About the job
About Us
Nuro is a pioneering self-driving technology company dedicated to making autonomous solutions accessible to everyone. Established in 2016, we are developing the most scalable autonomous driver by integrating advanced AI with automotive-grade hardware. Our flagship technology, the Nuro Driver™, is licensed to facilitate a variety of applications, including robotaxis, commercial fleets, and personal vehicles. With proven technology from years of self-driving deployments, Nuro provides automakers and mobility platforms with a clear pathway to achieving commercial-scale autonomous vehicles, promoting a safer, more connected future.
Role Overview
At Nuro, we adopt a machine-learning-first strategy in our approach to autonomous driving technology. The performance of our systems is significantly influenced by the quality and diversity of training and evaluation data.
Your team will be pivotal in enhancing our autonomous driving systems by establishing a robust and scalable data infrastructure. This infrastructure will generate training and evaluation data from both real-world driving logs and simulated environments. Collaborating closely with system engineers, you will ensure thorough validation of the autonomous driving system prior to deployment.
Key Responsibilities
- Design and implement cohesive, introspectable data pipelines capable of processing large-scale batch and streaming data across diverse evaluation use cases.
- Develop a storage solution that efficiently manages extensive volumes and a wide variety of performance metrics.
- Create user-friendly dashboards and reports to display evaluation results, enabling easy comparisons to highlight improvements and regressions in ML components and the overall system.
- Establish and maintain continuous testing and monitoring systems to ensure the integrity and robustness of our data and data pipelines.
- Build data mining tools utilizing applied ML techniques to meet data discovery requirements in areas such as Perception, Behavior, and Mapping.
- Develop data annotation tools to aid both first-party and third-party labeling efforts, ensuring high-fidelity perception, mapping, and trajectory labels.

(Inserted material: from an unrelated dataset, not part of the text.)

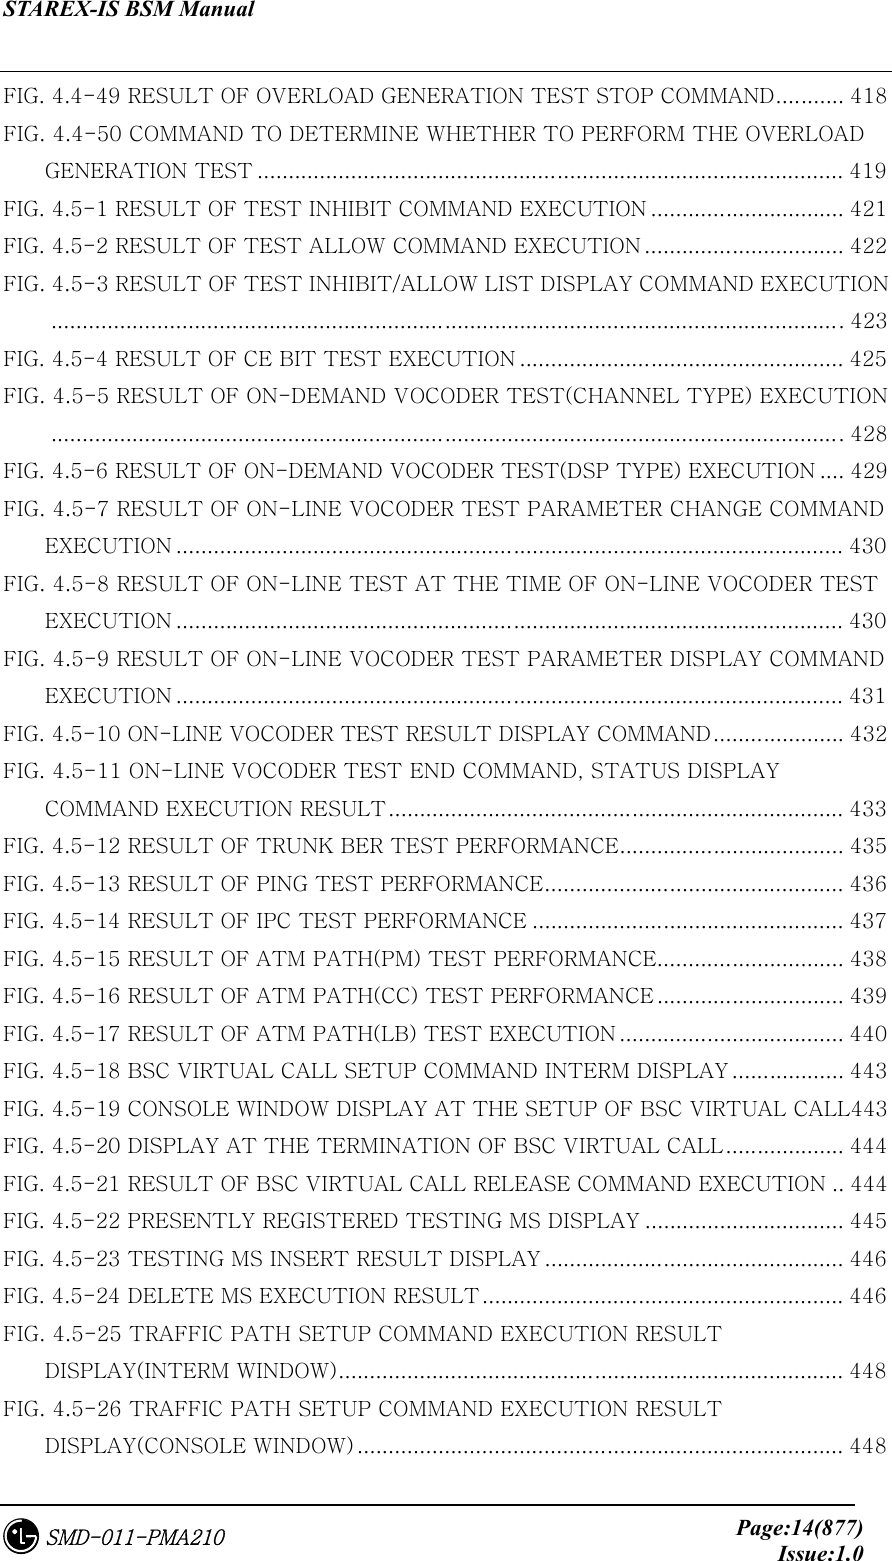 STAREX-IS BSM Manual     Page:14(877)Issue:1.0SMD-011-PMA210 FIG. 4.4-49 RESULT OF OVERLOAD GENERATION TEST STOP COMMAND........... 418 FIG. 4.4-50 COMMAND TO DETERMINE WHETHER TO PERFORM THE OVERLOAD GENERATION TEST .............................................................................................. 419 FIG. 4.5-1 RESULT OF TEST INHIBIT COMMAND EXECUTION ............................... 421 FIG. 4.5-2 RESULT OF TEST ALLOW COMMAND EXECUTION ................................ 422 FIG. 4.5-3 RESULT OF TEST INHIBIT/ALLOW LIST DISPLAY COMMAND EXECUTION............................................................................................................................... 423 FIG. 4.5-4 RESULT OF CE BIT TEST EXECUTION .................................................... 425 FIG. 4.5-5 RESULT OF ON-DEMAND VOCODER TEST(CHANNEL TYPE) EXECUTION............................................................................................................................... 428 FIG. 4.5-6 RESULT OF ON-DEMAND VOCODER TEST(DSP TYPE) EXECUTION .... 429 FIG. 4.5-7 RESULT OF ON-LINE VOCODER TEST PARAMETER CHANGE COMMAND EXECUTION ........................................................................................................... 430 FIG. 4.5-8 RESULT OF ON-LINE TEST AT THE TIME OF ON-LINE VOCODER TEST EXECUTION ........................................................................................................... 430 FIG. 4.5-9 RESULT OF ON-LINE VOCODER TEST PARAMETER DISPLAY COMMAND EXECUTION ........................................................................................................... 431 FIG. 4.5-10 ON-LINE VOCODER TEST RESULT DISPLAY COMMAND..................... 432 FIG. 4.5-11 ON-LINE VOCODER TEST END COMMAND, STATUS DISPLAY COMMAND EXECUTION RESULT......................................................................... 433 FIG. 4.5-12 RESULT OF TRUNK BER TEST PERFORMANCE.................................... 435 FIG. 4.5-13 RESULT OF PING TEST PERFORMANCE................................................ 436 FIG. 4.5-14 RESULT OF IPC TEST PERFORMANCE .................................................. 437 FIG. 4.5-15 RESULT OF ATM PATH(PM) TEST PERFORMANCE.............................. 438 FIG. 4.5-16 RESULT OF ATM PATH(CC) TEST PERFORMANCE .............................. 439 FIG. 4.5-17 RESULT OF ATM PATH(LB) TEST EXECUTION .................................... 440 FIG. 4.5-18 BSC VIRTUAL CALL SETUP COMMAND INTERM DISPLAY .................. 443 FIG. 4.5-19 CONSOLE WINDOW DISPLAY AT THE SETUP OF BSC VIRTUAL CALL443 FIG. 4.5-20 DISPLAY AT THE TERMINATION OF BSC VIRTUAL CALL................... 444 FIG. 4.5-21 RESULT OF BSC VIRTUAL CALL RELEASE COMMAND EXECUTION .. 444 FIG. 4.5-22 PRESENTLY REGISTERED TESTING MS DISPLAY ................................ 445 FIG. 4.5-23 TESTING MS INSERT RESULT DISPLAY ................................................ 446 FIG. 4.5-24 DELETE MS EXECUTION RESULT.......................................................... 446 FIG. 4.5-25 TRAFFIC PATH SETUP COMMAND EXECUTION RESULT DISPLAY(INTERM WINDOW)................................................................................. 448 FIG. 4.5-26 TRAFFIC PATH SETUP COMMAND EXECUTION RESULT DISPLAY(CONSOLE WINDOW) .............................................................................. 448

- Scale data annotation labels with cutting-edge ML techniques.
Qualifications
- A degree in Computer Science, Engineering, or a related field (BS, MS, or PhD) combined with at least 4 years of relevant professional experience.
- Strong programming skills in Python or similar languages.
- Experience in data engineering, machine learning, or related fields.
- Familiarity with data pipeline tools and frameworks.
- Ability to work collaboratively in a fast-paced, innovative environment.